Parts of Tropical Rainforests Could Get Too Hot for Photosynthesis, Study Suggests

Some leaves in tropical forests from South America to South East Asia are getting so hot they may no longer be able to photosynthesize, with big potential consequences for the world’s forests, according to a new study.

Leaves’ ability to photosynthesize – the process by which they make energy from carbon dioxide, sunlight and water – begins to fail when their temperature reaches around 46.7 degrees Celsius (116 Fahrenheit).

While this may seem high, leaves can get much hotter than the air temperature, according to the report published Wednesday in Nature by a group of scientists from countries including the US, Australia and Brazil.

The scientists used temperature data beamed down from thermal satellite sensors on the International Space Station, 400 kilometers (nearly 250 miles) above the Earth. They combined this with on-the-ground observations from leaf-warming experiments, in which scientists climbed into the canopy to painstakingly add sensors to leaves.

Rather than looking at average temperatures, the scientists were looking atextremes, said Christopher Doughty, associate professor in ecoinformatics at Northern Arizona University and a report author. They found that average forest canopy temperatures peaked at 34 degrees Celsius (93 Fahrenheit) but some exceeded 40 degrees Celsius (104 Fahrenheit).

Currently, 0.01% of leaves are passing the critical temperature threshold beyond which their ability to photosynthesize breaks down, the report found, potentially killing the leaf and the tree.

This percentage, while small, is poised to increase as the world warms, the report said, posing a threat to the world’s tropical forests – which cover roughly 12% of the planet and hold more than half of the world’s species.
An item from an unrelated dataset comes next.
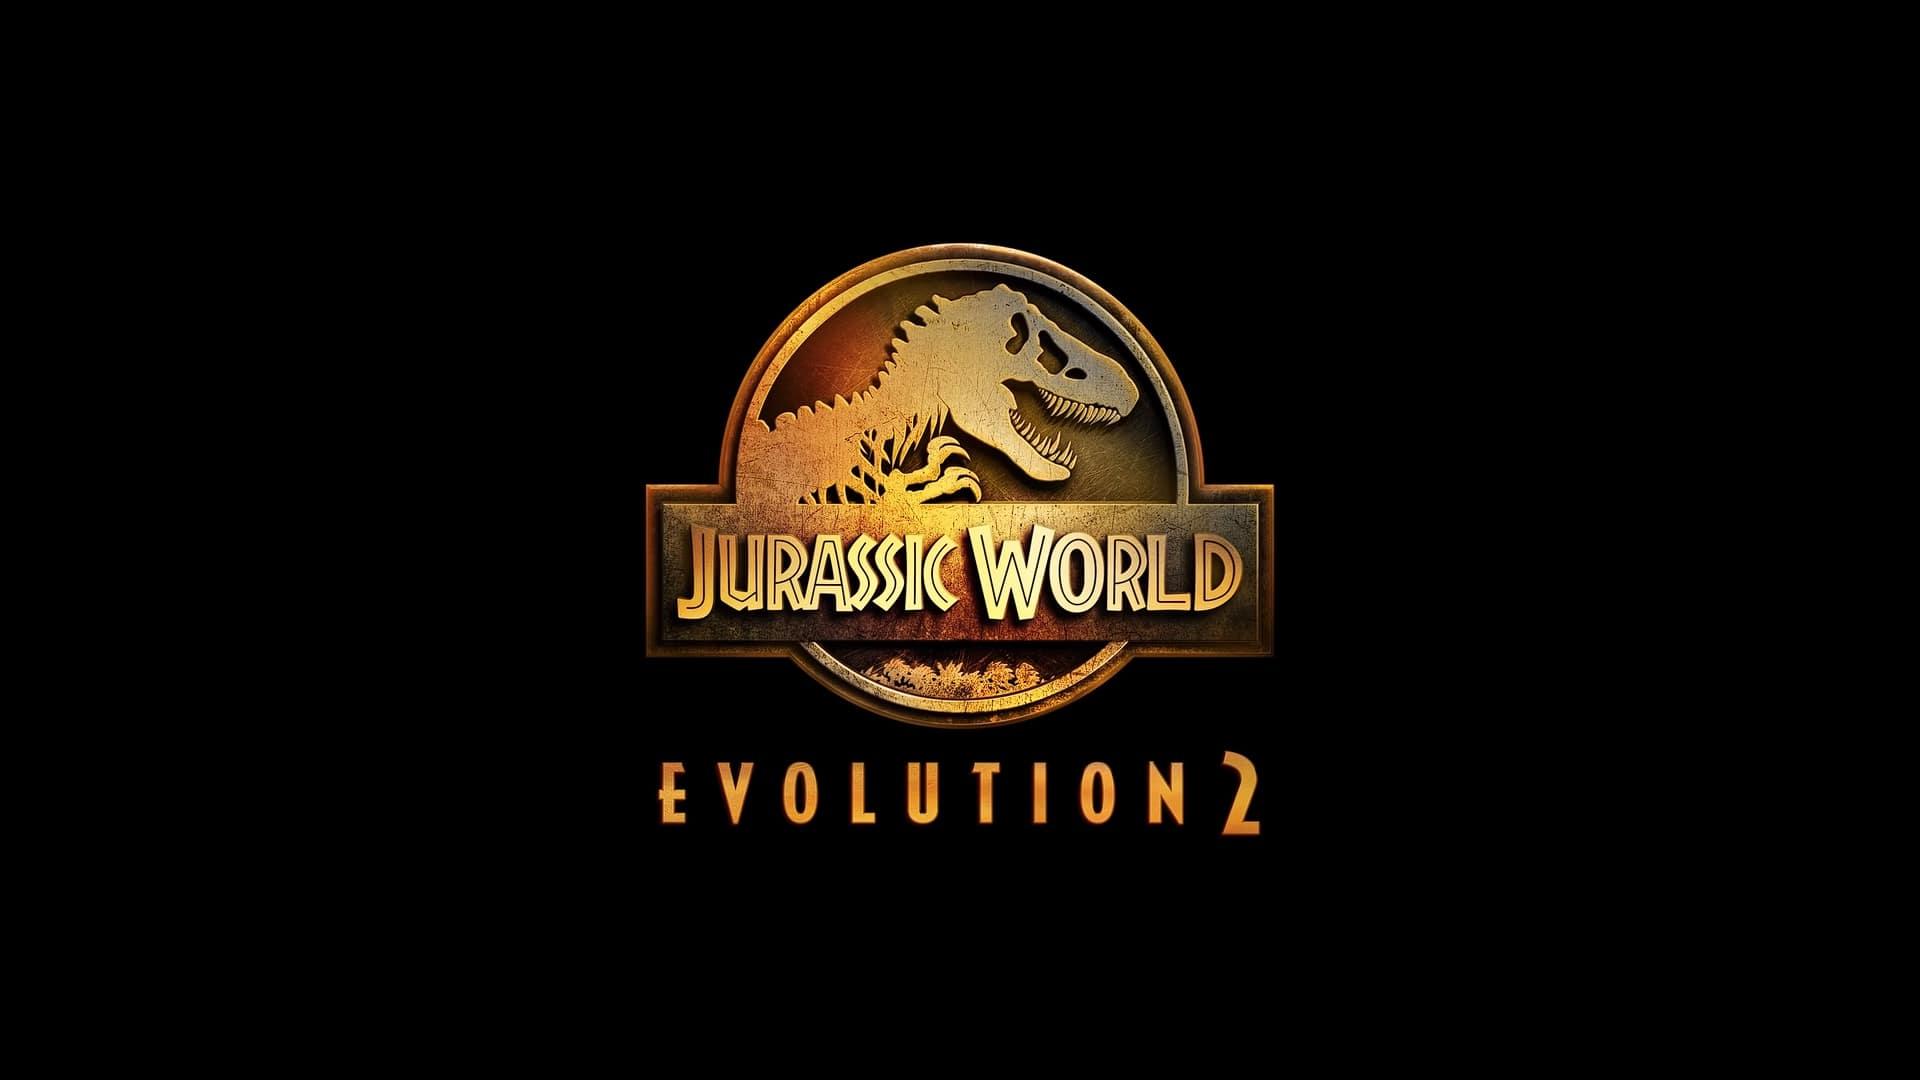 jurassic-world-evolution-2 (1)
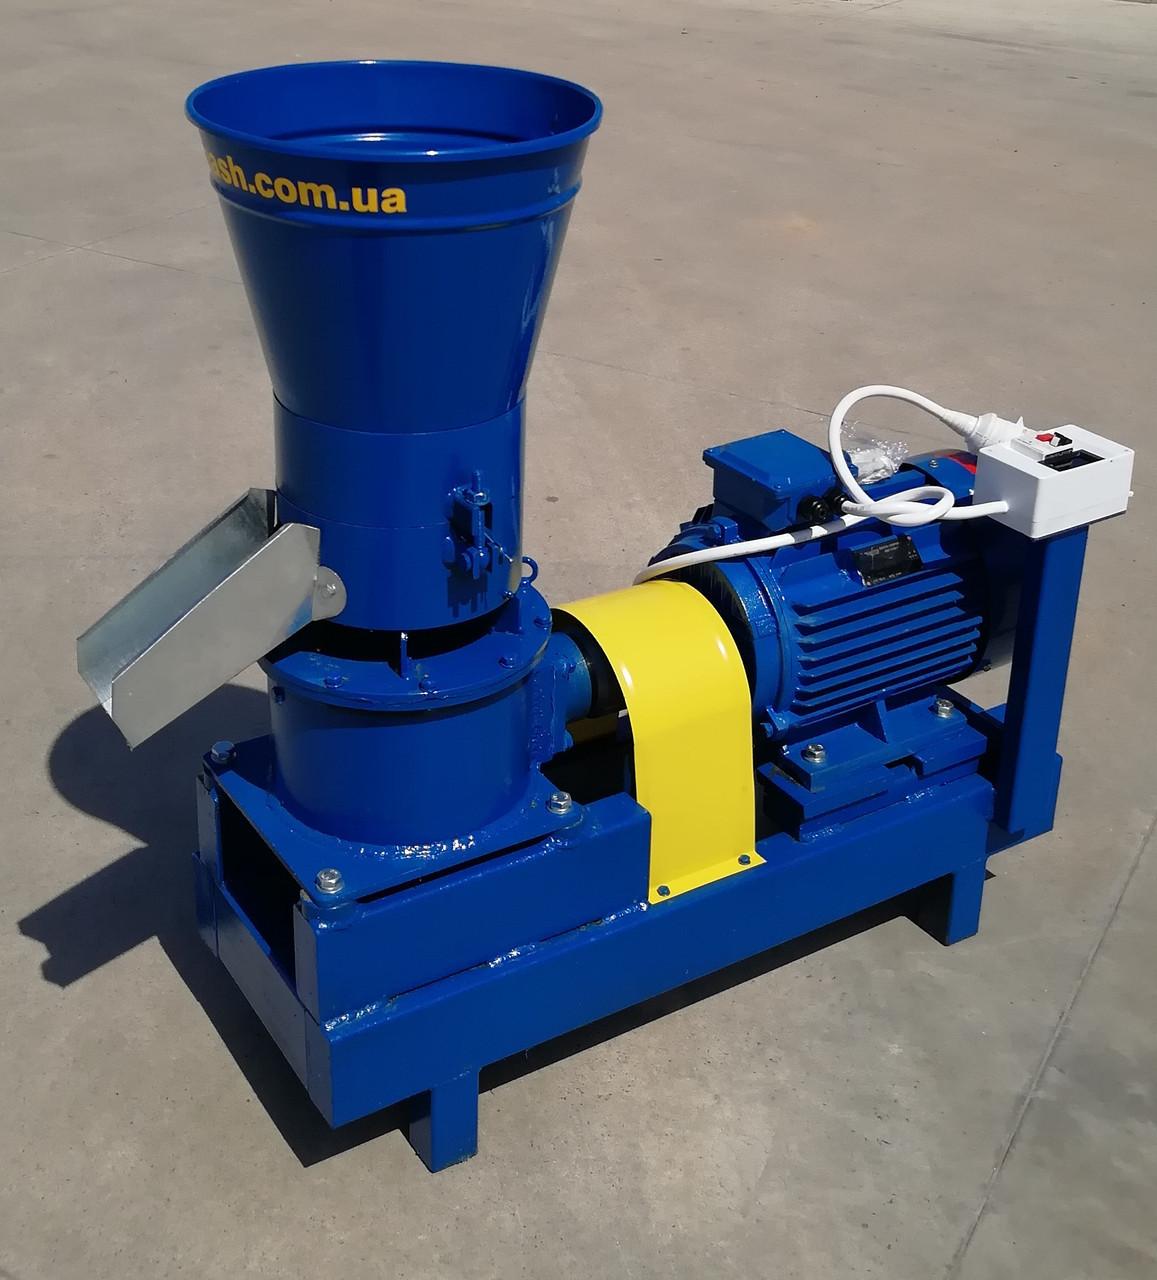 Гранулятор пеллет Артмаш 380 В,11 кВт, 1000 об/мин

They also provide a vital role in sucking up and storing carbon and helping to regulate the global climate.

“There are all sorts of potential feedbacks once you start losing bits of forests, even leaves on individual trees,” Doughty said on a call with reporters.

Tropical forests can withstand around 4 degrees Celsius (7.2 Fahrenheit) of additional global warming before they reach a tipping point in terms of their ability to photosynthesize, according to the report.

If warming exceeds this level, the amount of leaves surpassingcritical temperature thresholds could rise to 1.4%, potentially causing large-scale leaf loss and the death of the whole tree, the report found.

This level of warming is not expected under current climate policies, which are estimated to bring 2.7 degrees Celsius of warming above pre-industrial levels. But it is within the range of the most pessimistic climate scenarios if the world continues to burn fossil fuels.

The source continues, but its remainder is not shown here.